▶ COLLECTED DATA:
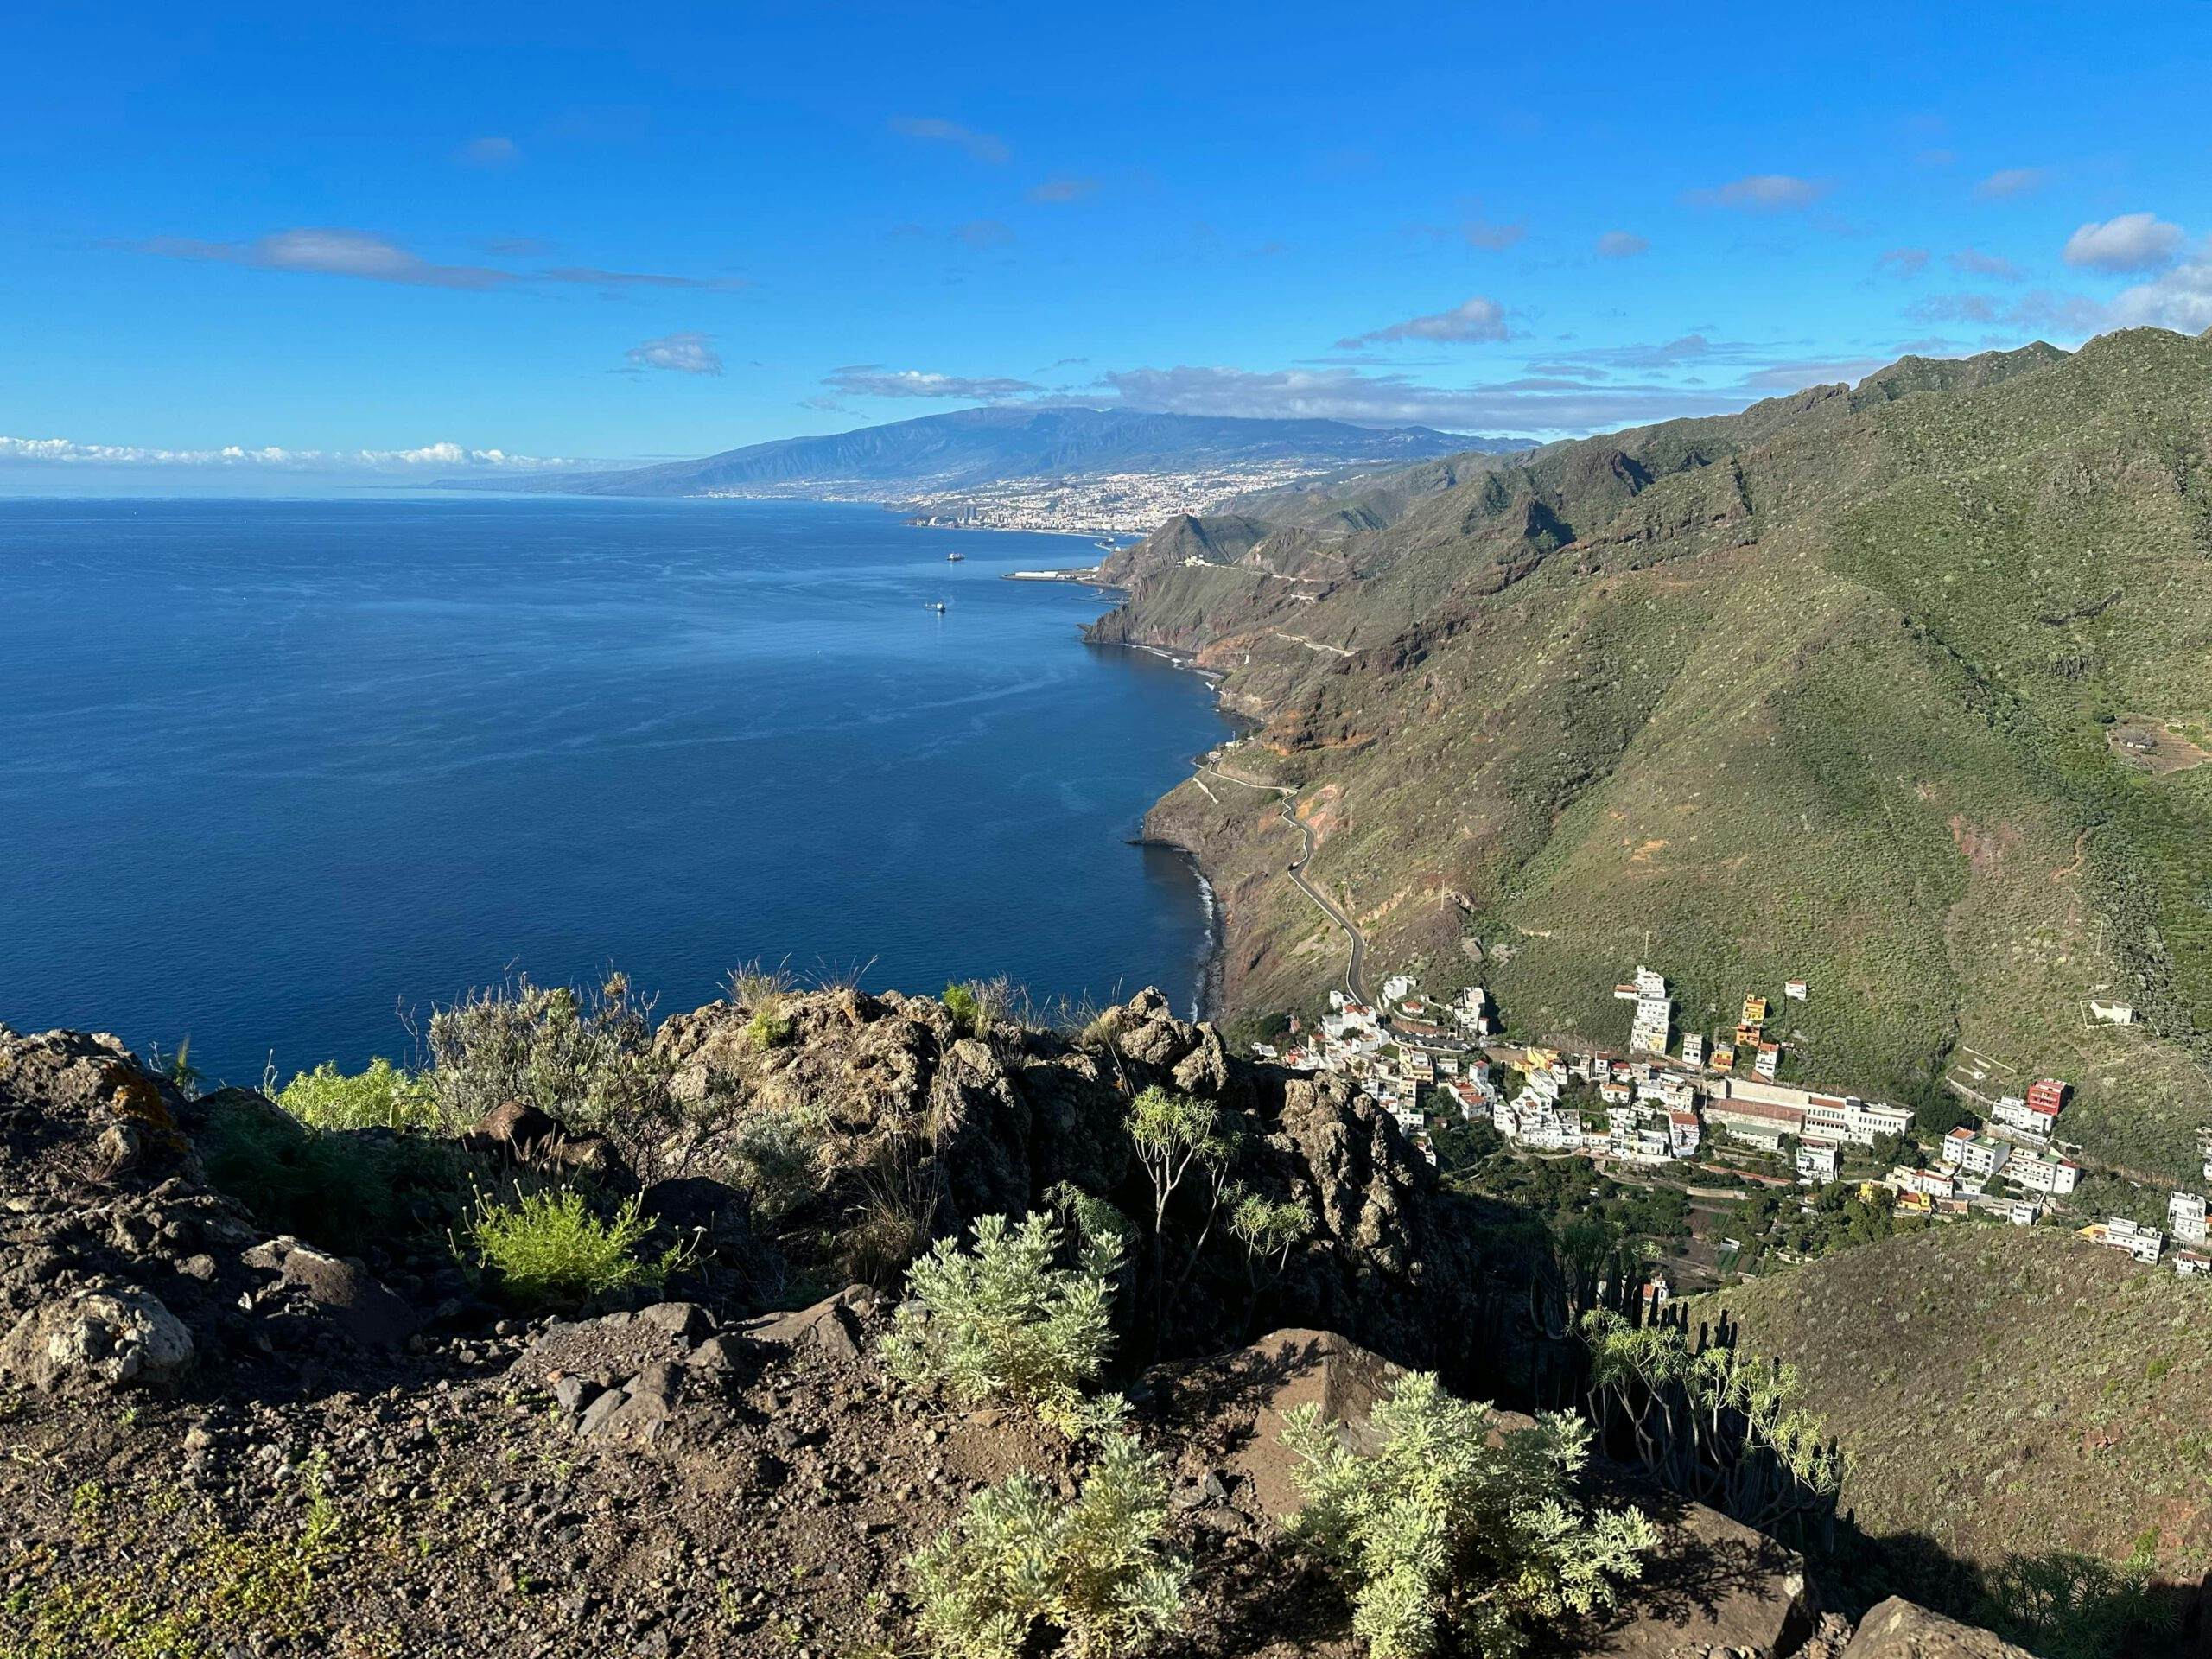 View from the ridge over Igueste and towards Santa Cruz de Tenerife
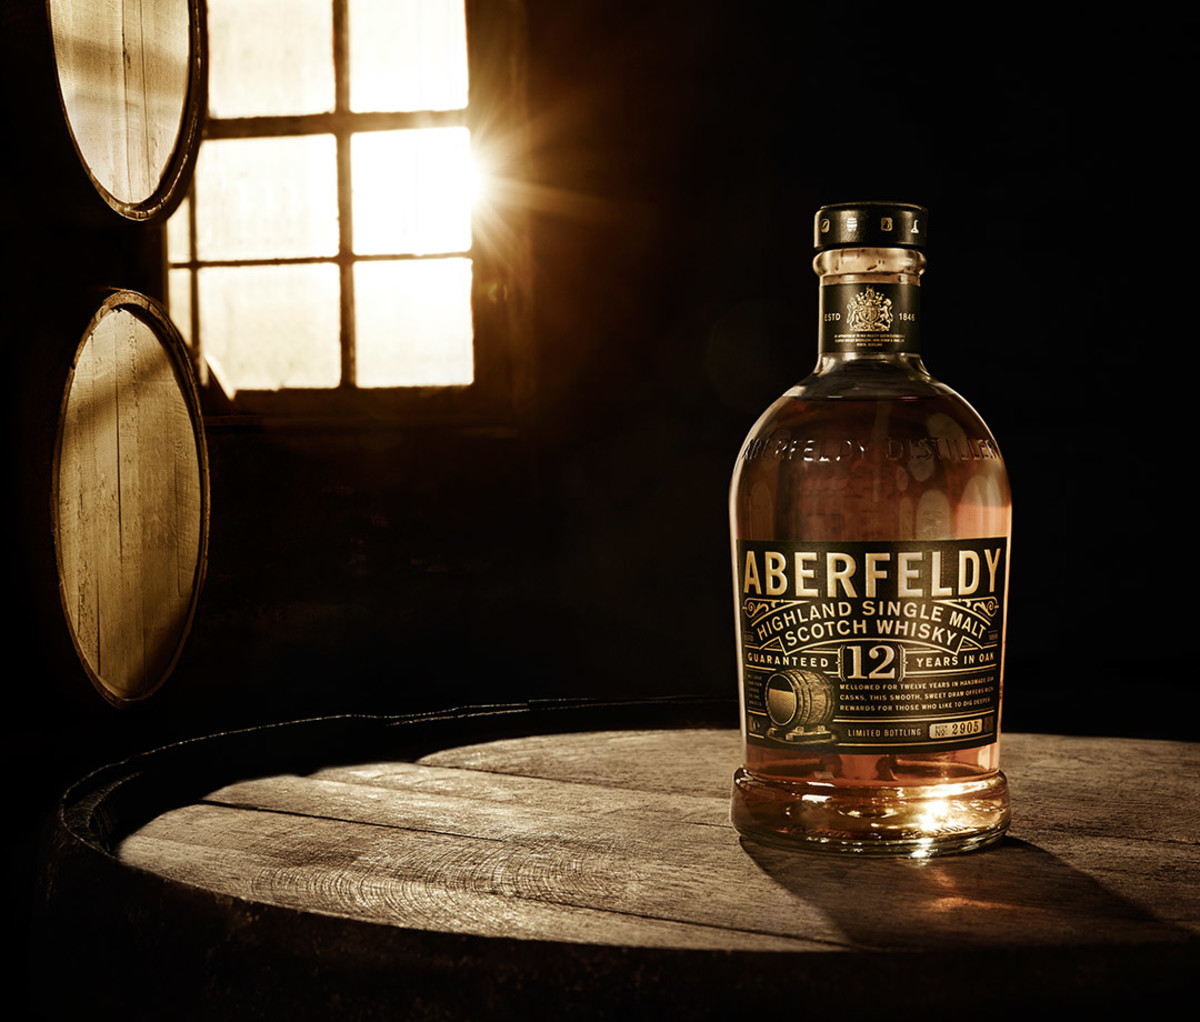 Aberfeldy 16 Year, a single-malt Scotch whisky
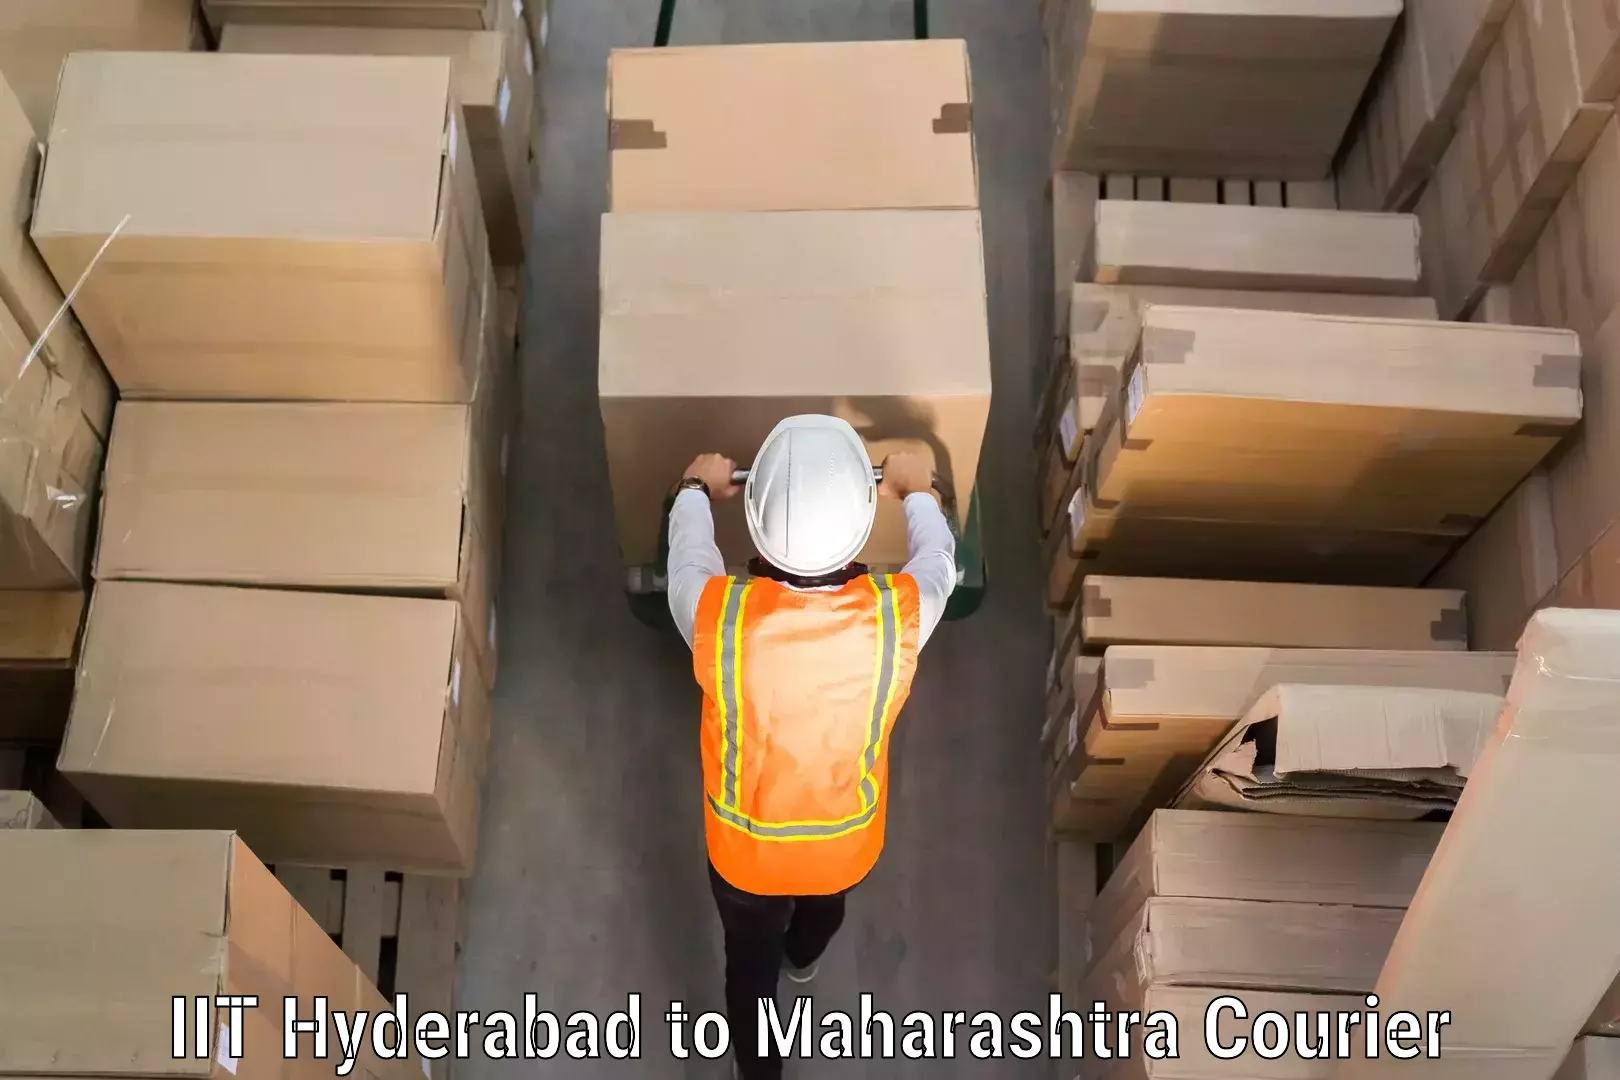 Luggage shipment specialists IIT Hyderabad to Dadar
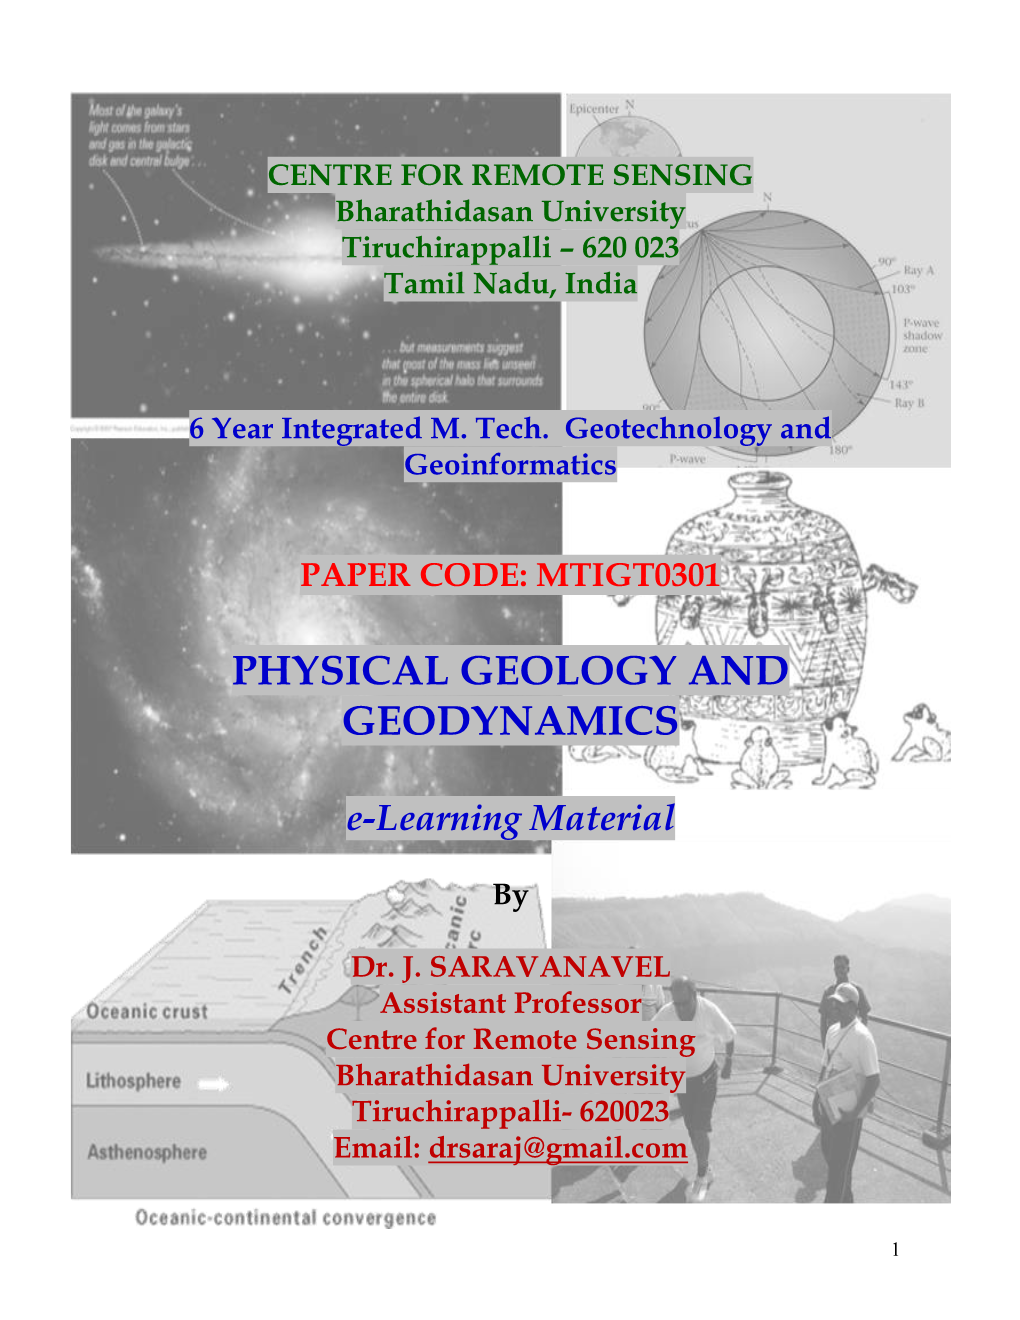 Physical Geology and Geodynamics

▶ REQUIRED ACTION: Each line above should be returned exactly as it stands, minus any pictures.

▶ EXPECTED OUTPUT:
 View from the ridge over Igueste and towards Santa Cruz de Tenerife
 Aberfeldy 16 Year, a single-malt Scotch whisky
 Luggage shipment specialists IIT Hyderabad to Dadar
 Physical Geology and Geodynamics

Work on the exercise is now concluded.